▶ **TASK TO CARRY OUT**
Skip the pictures and give back the rest of the listing exactly.

▶ **GIVEN DATA**
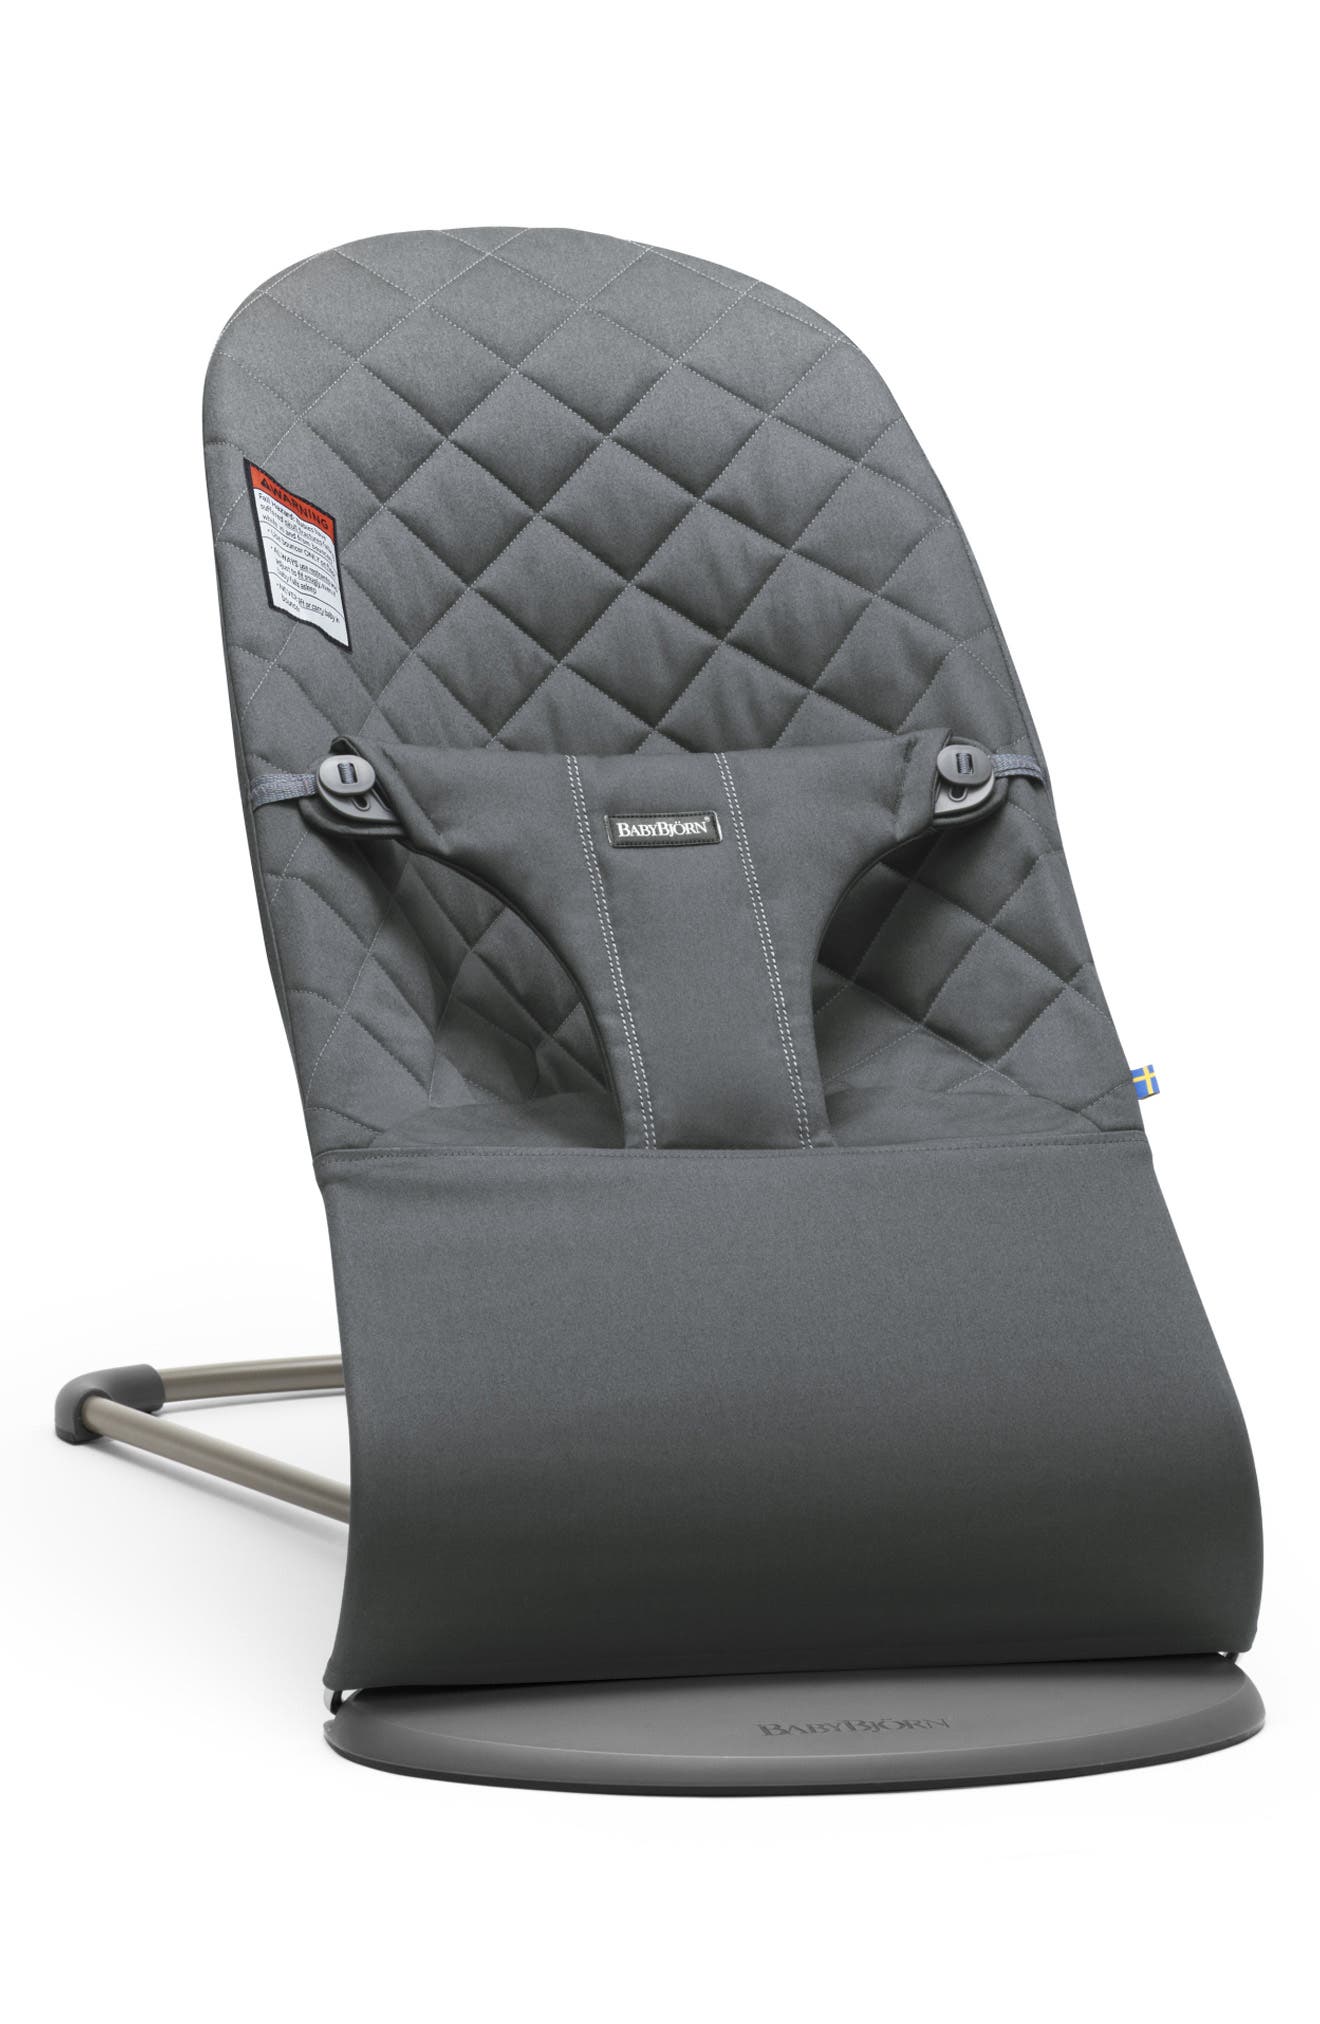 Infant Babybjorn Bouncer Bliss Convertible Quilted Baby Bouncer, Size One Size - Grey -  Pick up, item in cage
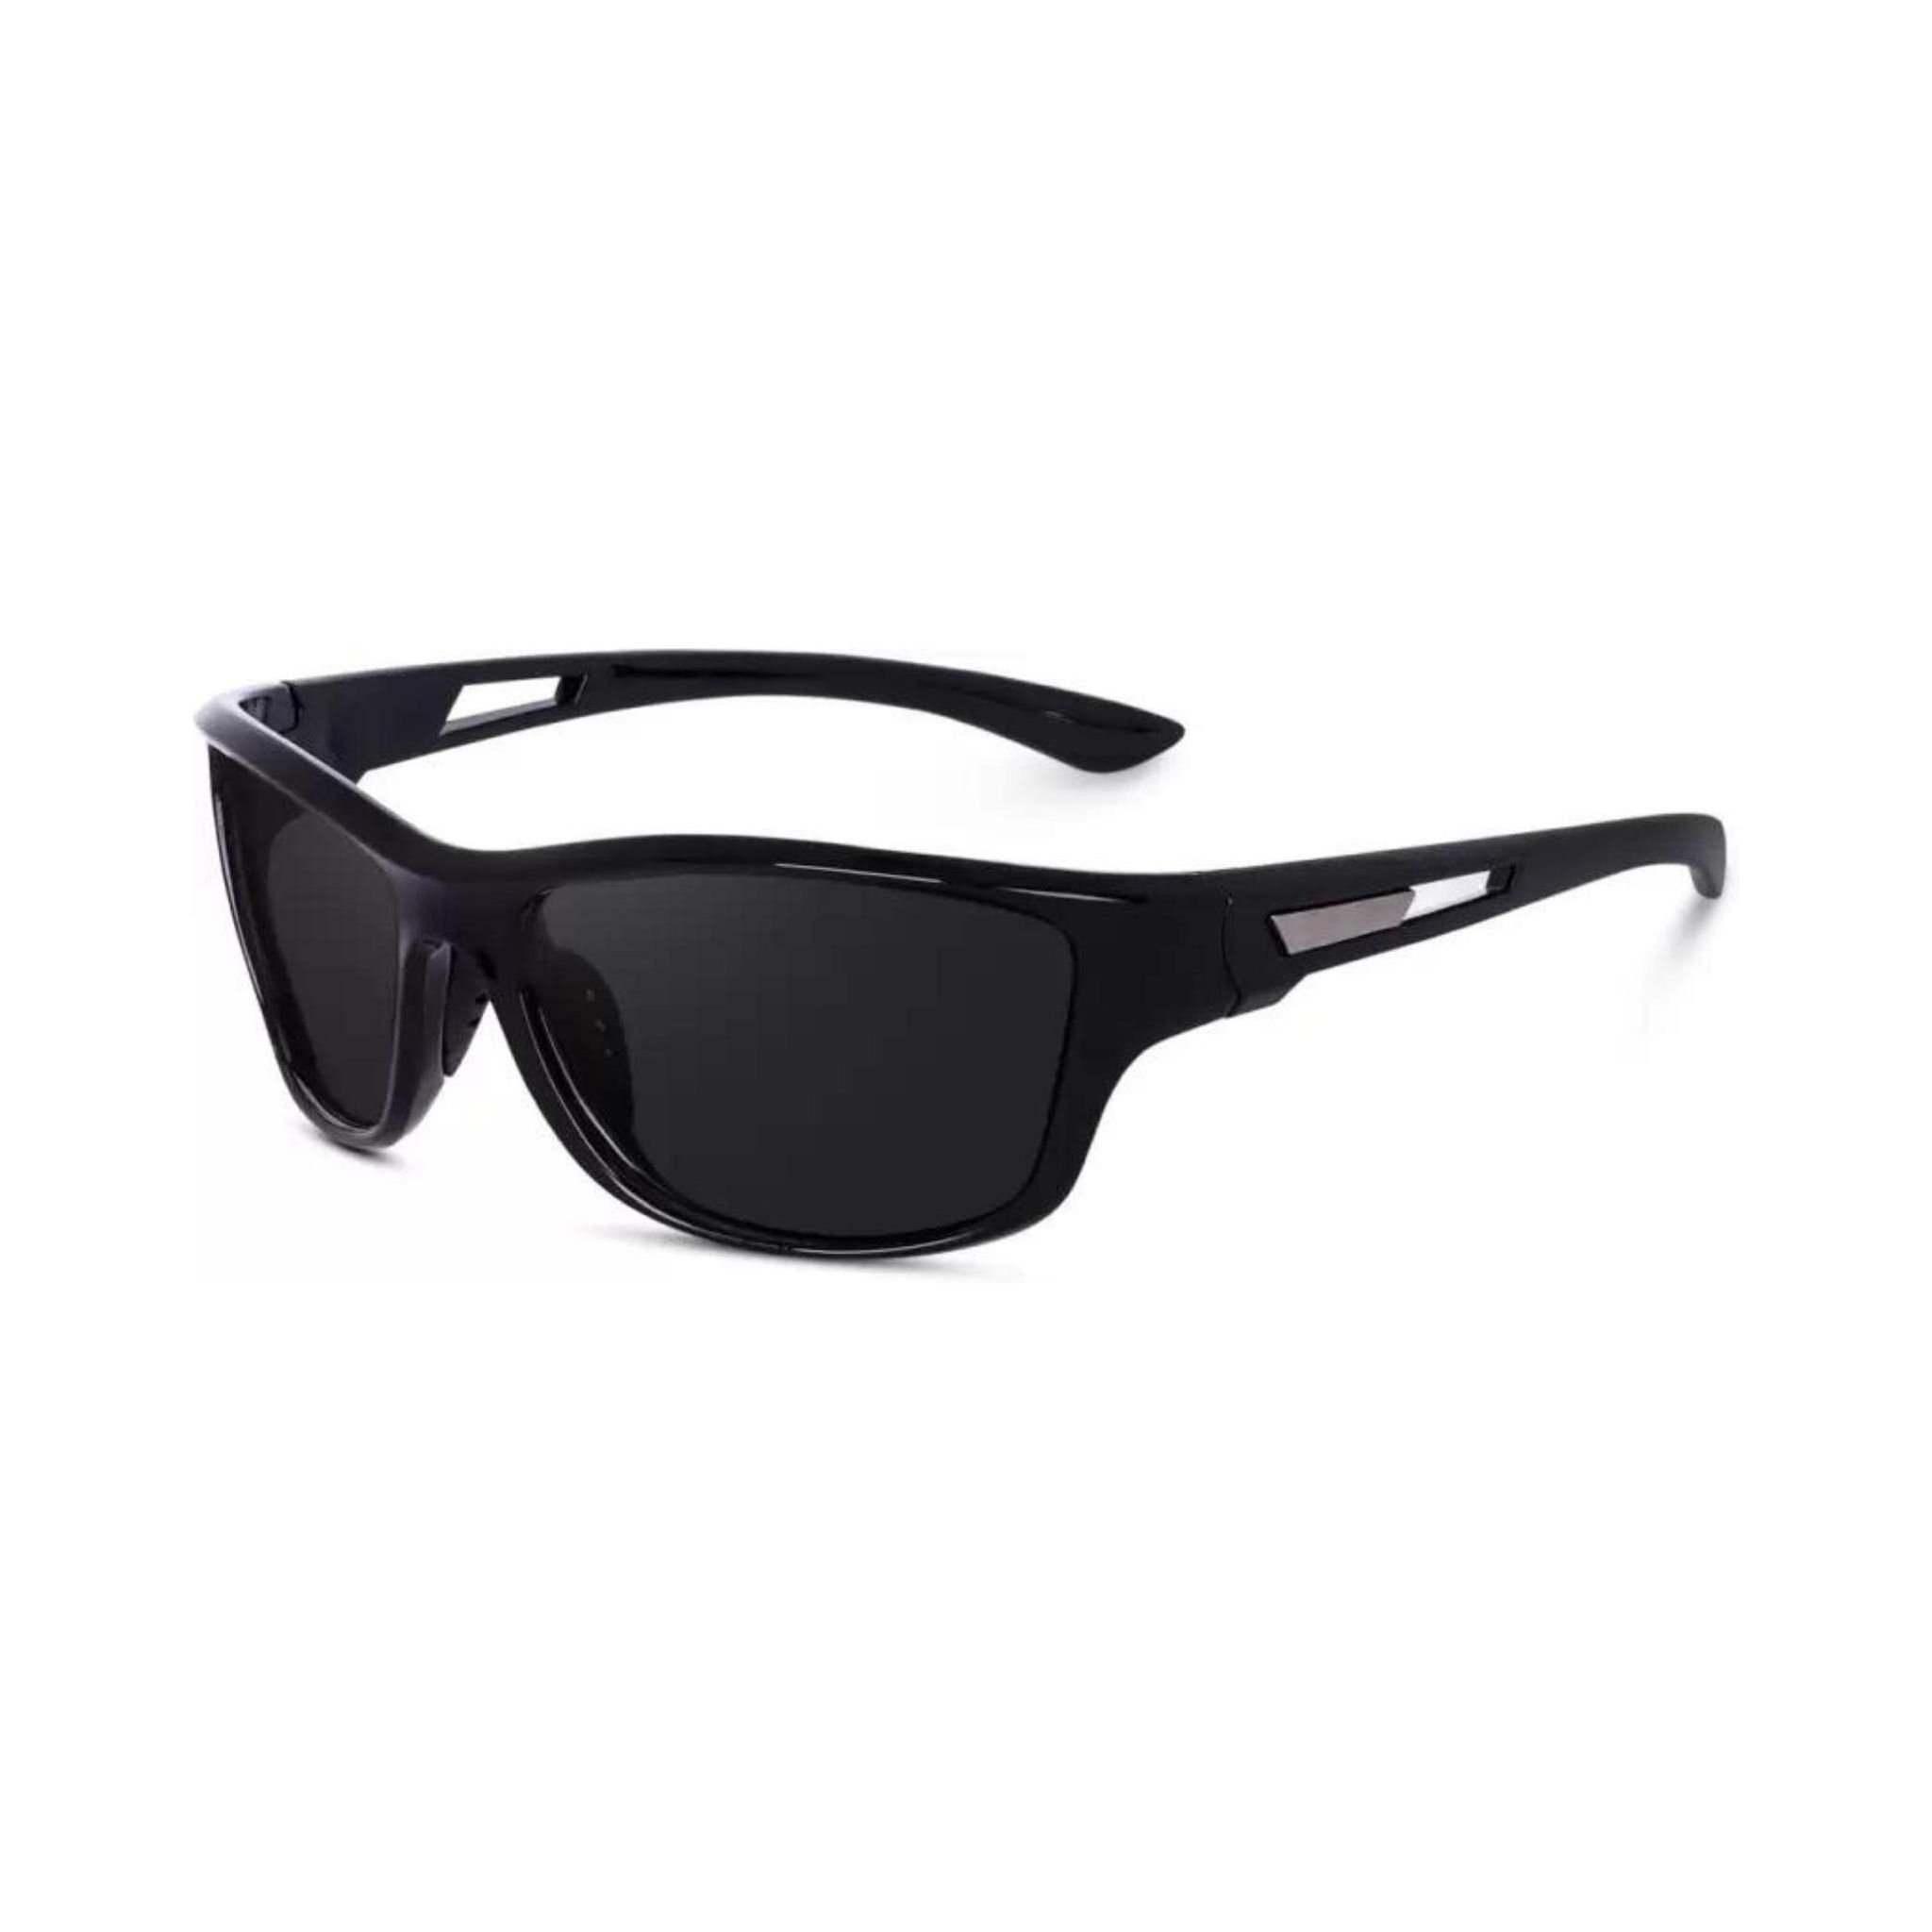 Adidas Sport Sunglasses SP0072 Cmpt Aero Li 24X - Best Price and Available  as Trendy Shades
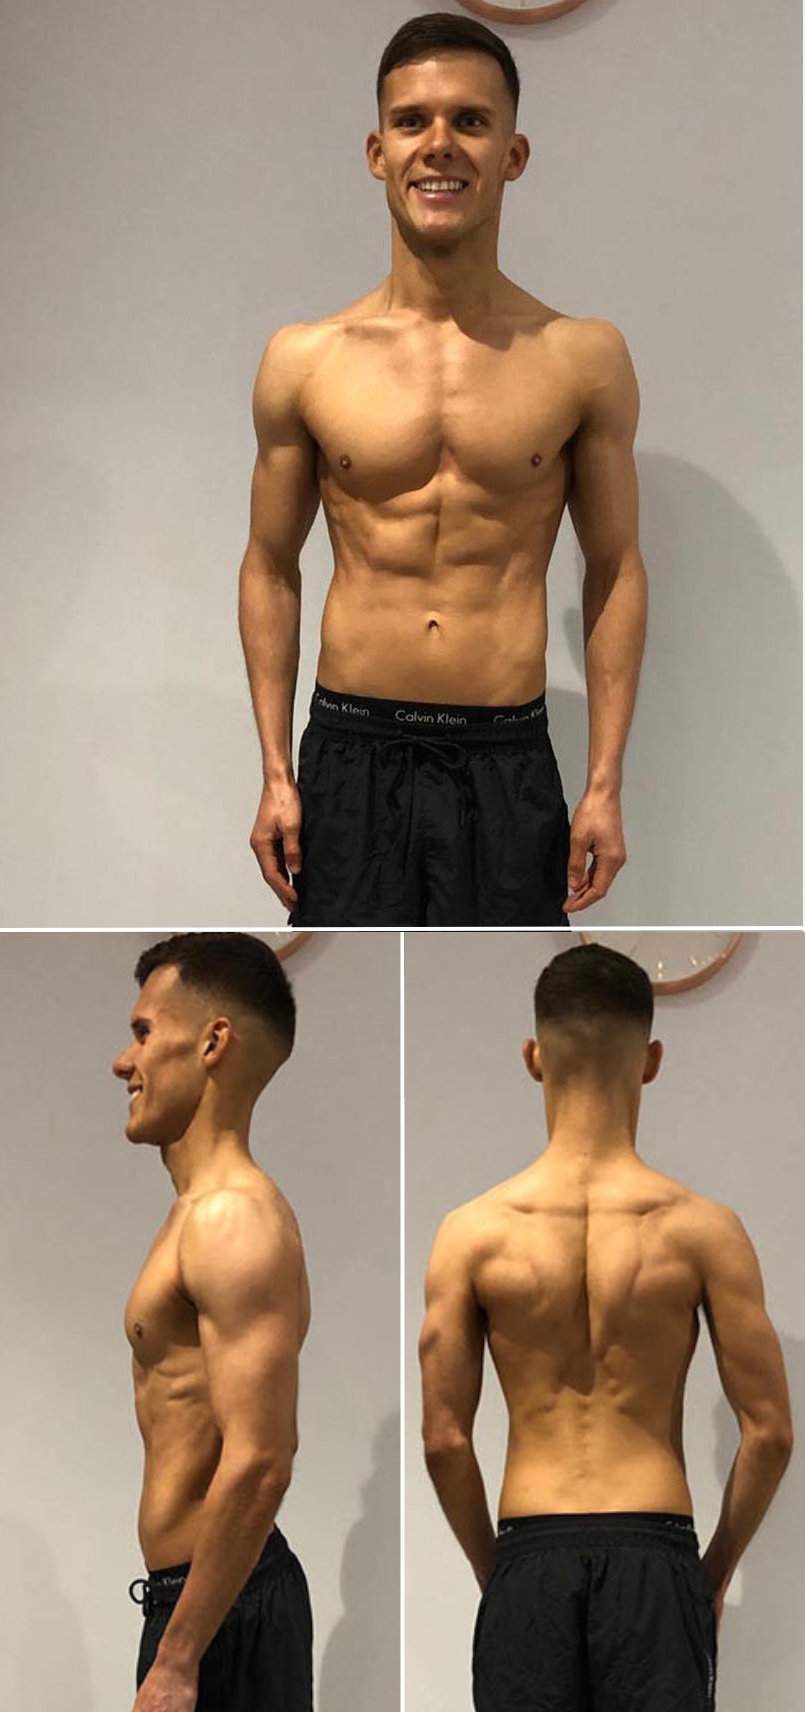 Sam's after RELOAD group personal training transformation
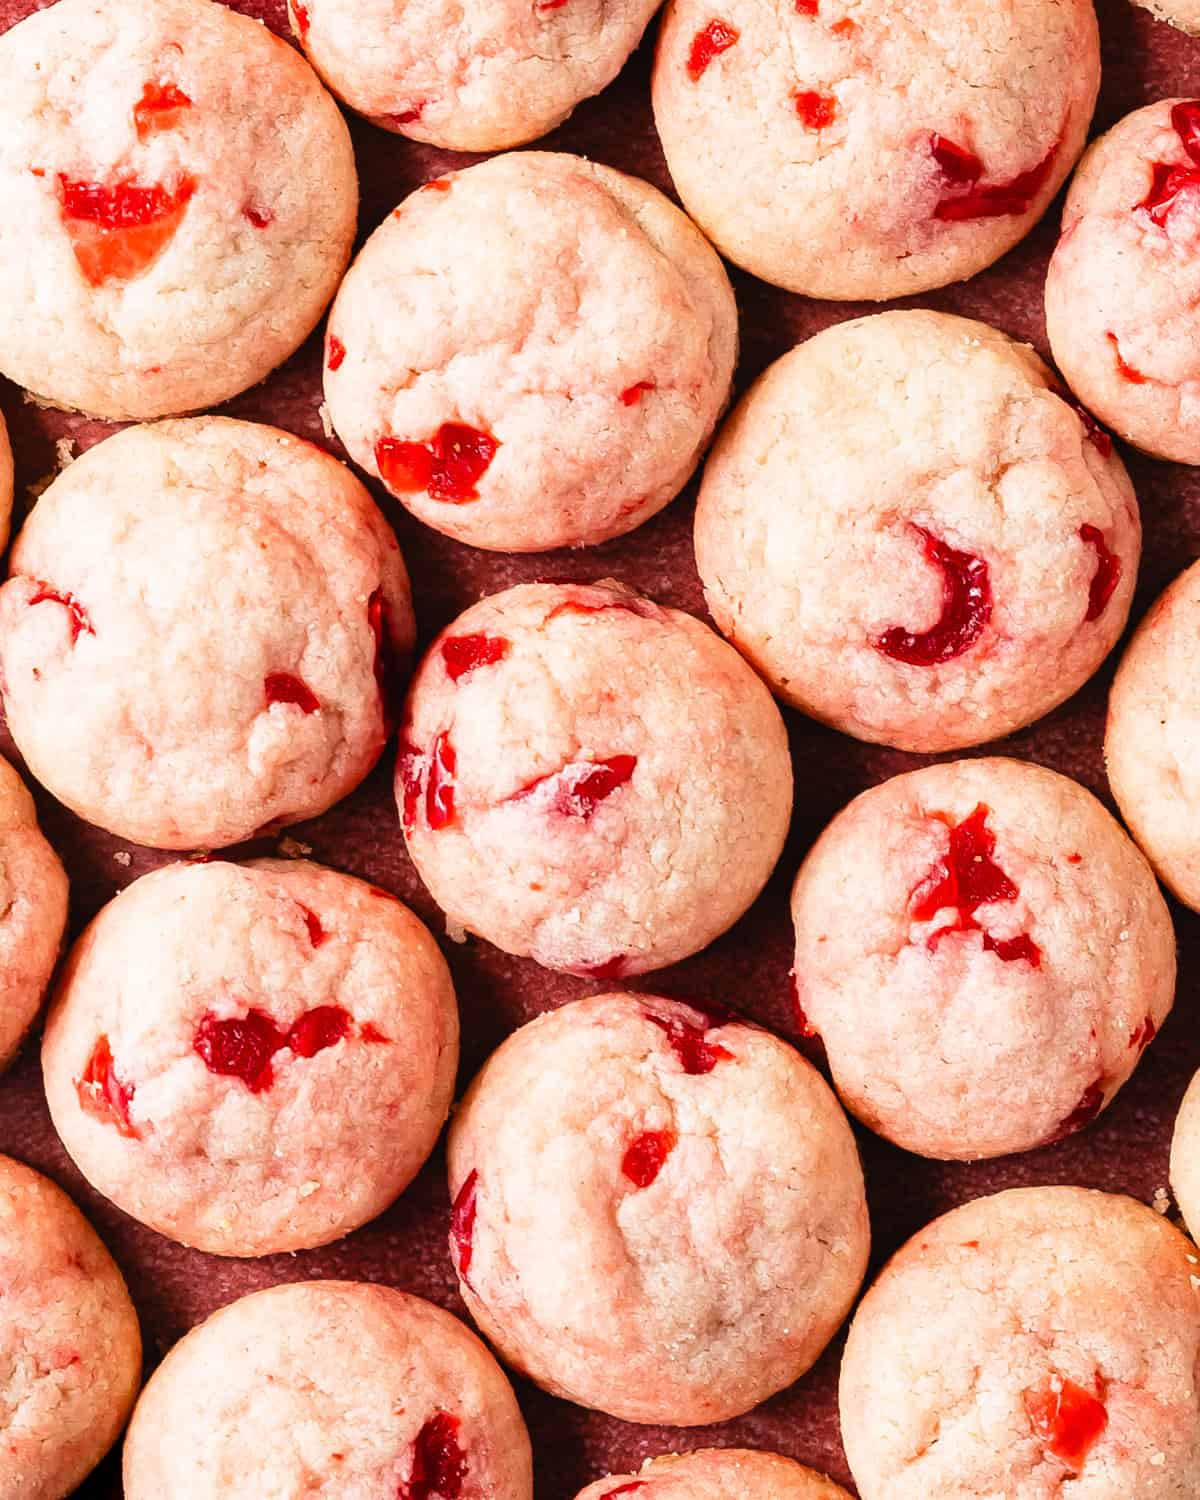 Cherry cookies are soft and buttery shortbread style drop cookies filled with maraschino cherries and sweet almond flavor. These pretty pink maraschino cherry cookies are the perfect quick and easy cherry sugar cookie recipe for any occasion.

▶ **WRITTEN REPLY**
 Infant Babybjorn Bouncer Bliss Convertible Quilted Baby Bouncer, Size One Size - Grey -  Pick up, item in cage
 Adidas Sport Sunglasses SP0072 Cmpt Aero Li 24X - Best Price and Available  as Trendy Shades
 Sam's after RELOAD group personal training transformation
 Cherry cookies are soft and buttery shortbread style drop cookies filled with maraschino cherries and sweet almond flavor. These pretty pink maraschino cherry cookies are the perfect quick and easy cherry sugar cookie recipe for any occasion.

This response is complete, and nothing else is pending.